Explain and Label Functions¶
Learn how to use the two main functions in StringSight for analyzing model behavior.
Core Functions¶
StringSight provides two primary functions:
explain(): Discovers behavioral patterns through clusteringlabel(): Classifies behavior using predefined taxonomies
Both functions analyze conversation data and return clustered results with model statistics.
The explain() Function¶
The explain() function automatically discovers behavioral patterns in model responses through property extraction and clustering.
Basic Usage¶
import pandas as pd
from stringsight import explain
# Load your conversation data
df = pd.read_csv("model_conversations.csv")

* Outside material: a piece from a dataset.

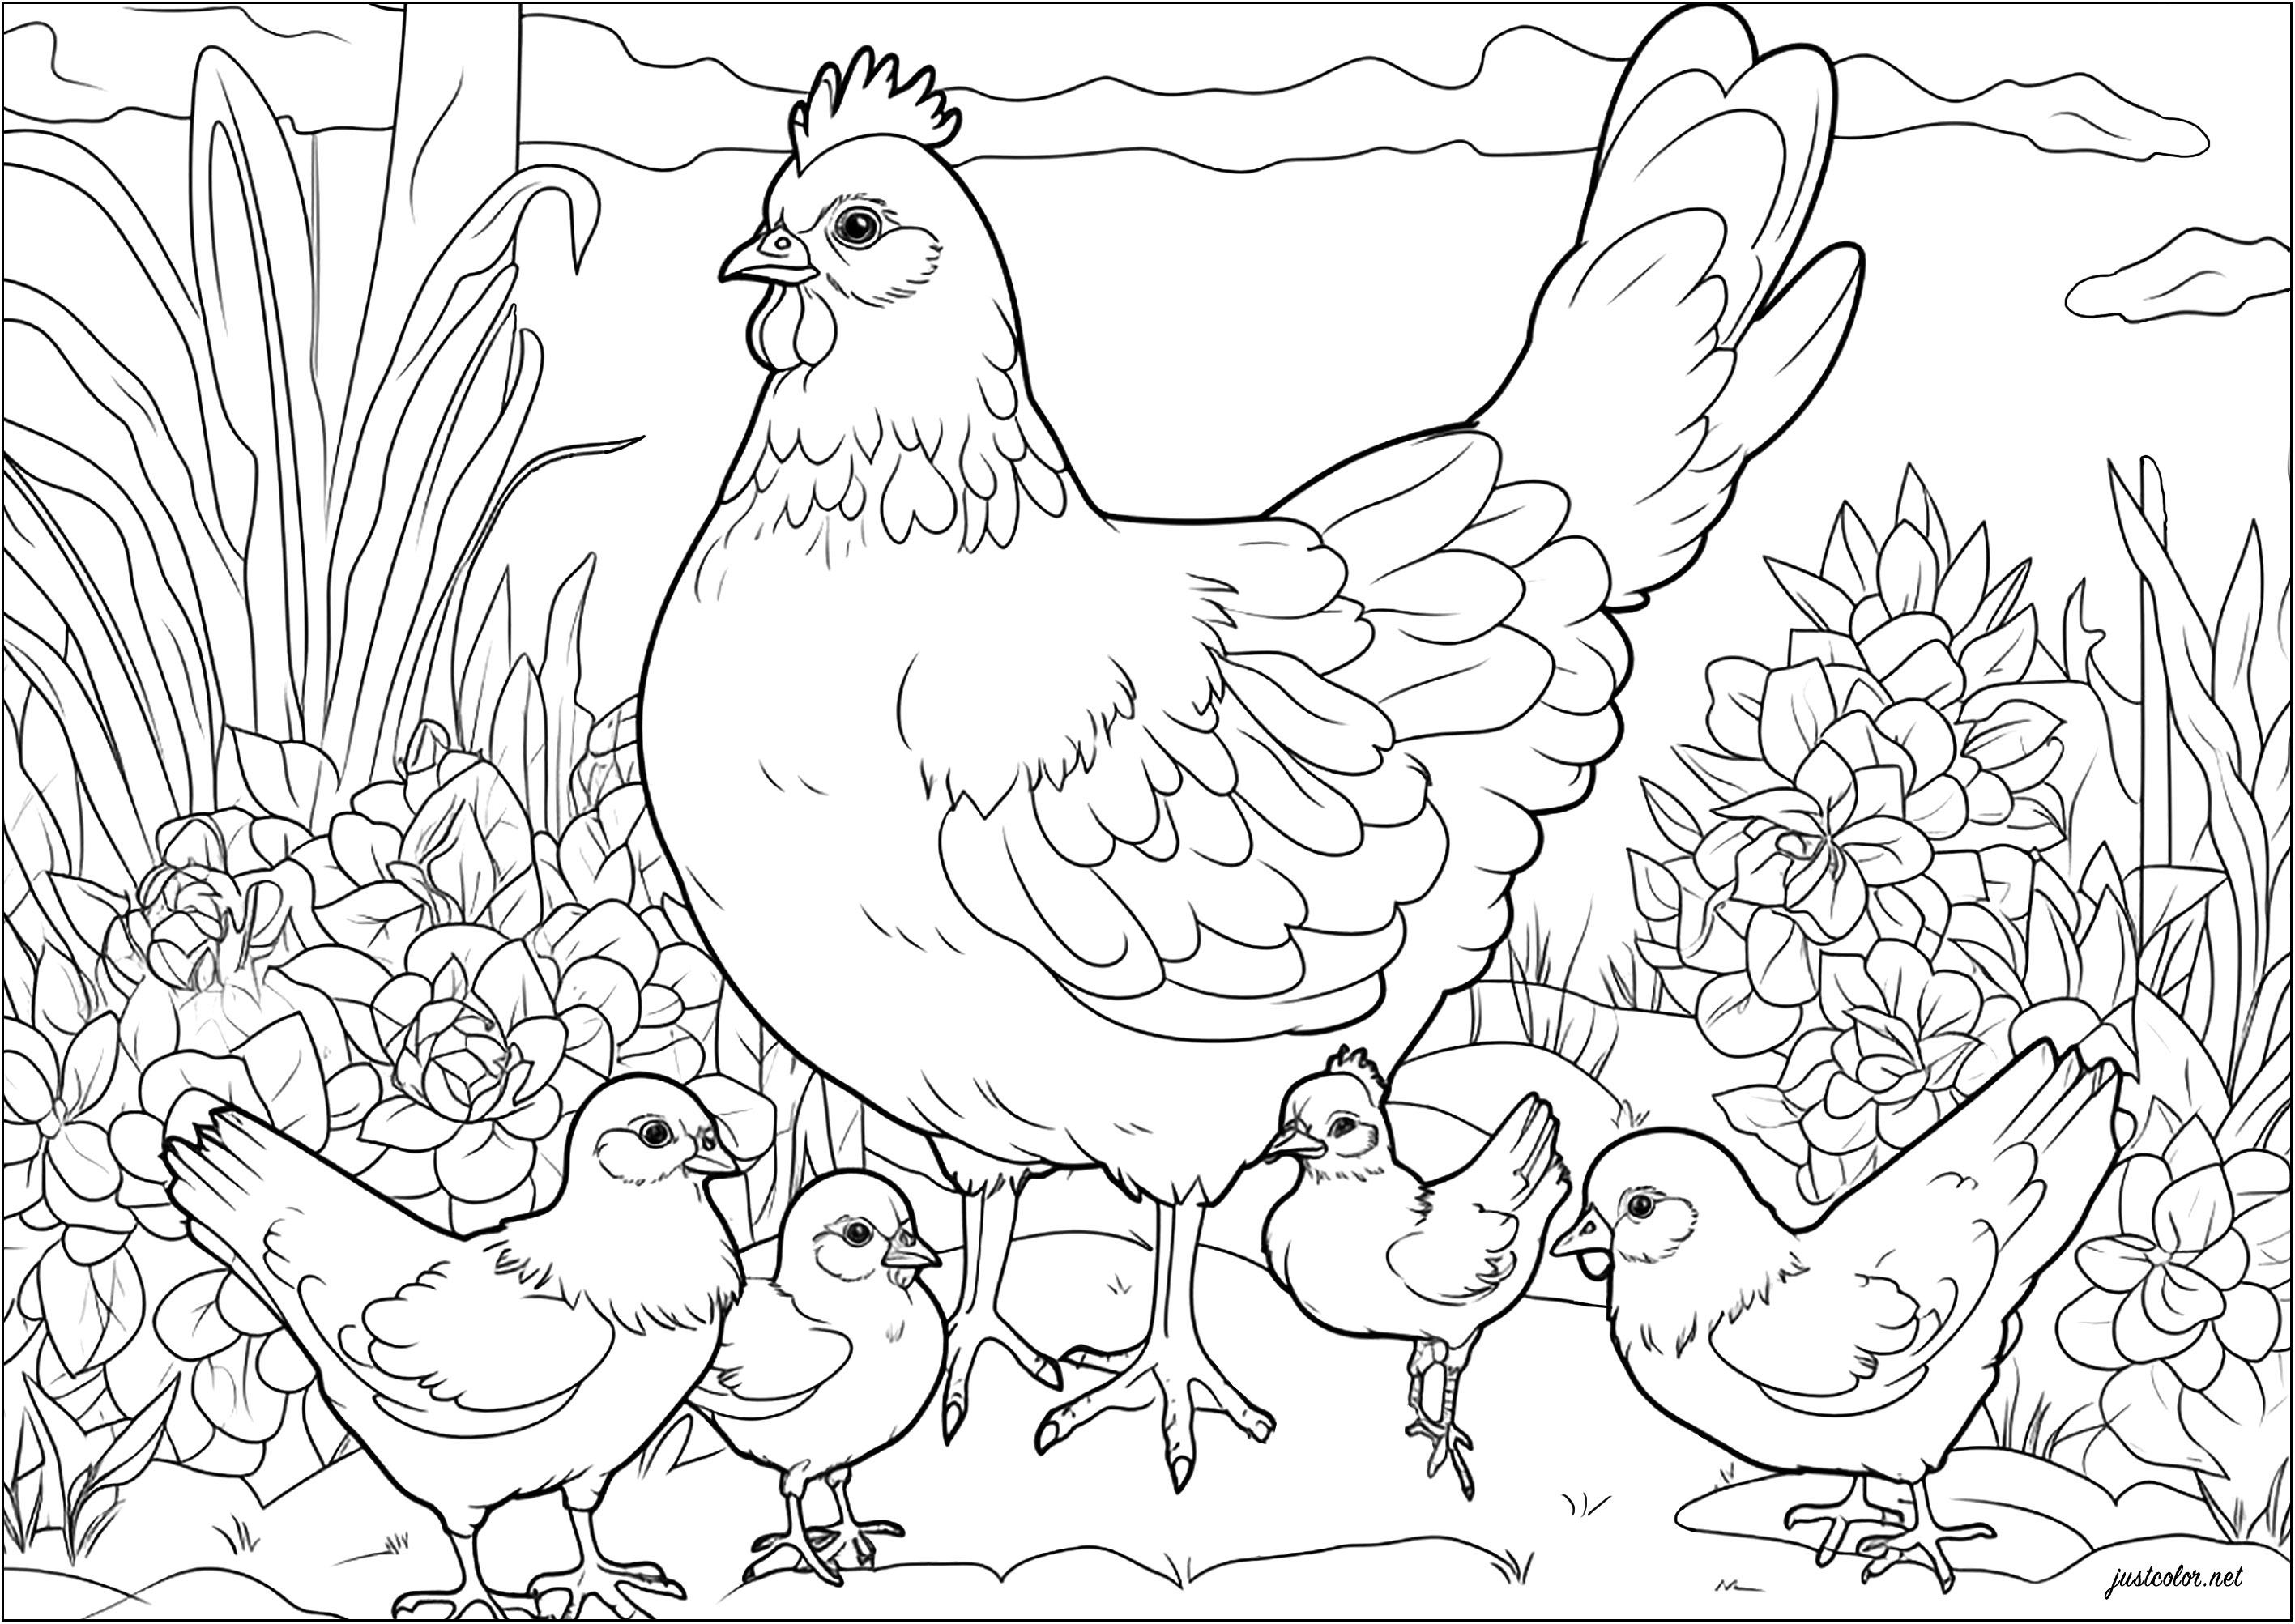 Colorazione di una gallina e dei suoi pulcini. Questa gallina protegge con orgoglio i suoi piccoli.

# Single model analysis: Understand what behavioral patterns a model exhibits
clustered_df, model_stats = explain(
df,
method="single_model",
min_cluster_size=10, # Minimum conversations per behavior cluster
output_dir="results/" # Saves all analysis files here
)
# This will: 1) Extract behavioral properties from each response
# 2) Group similar behaviors into clusters
# 3) Calculate performance metrics per cluster
# 4) Save comprehensive results
# Side-by-side comparison: Compare two models to find behavioral differences
clustered_df, model_stats = explain(
df,
method="side_by_side",
min_cluster_size=30, # Larger datasets need bigger clusters
output_dir="results/"
)
# This will: 1) Find behavioral differences between model pairs
# 2) Cluster similar difference patterns
# 3) Show which model excels at which behaviors
# 4) Provide statistical significance testing
One this is run, your results will appear in the results folder, which you can upload to the UI to visualize!
Parameters¶
Core Parameters:
- df: Input DataFrame with conversation data
- method: "side_by_side" or "single_model"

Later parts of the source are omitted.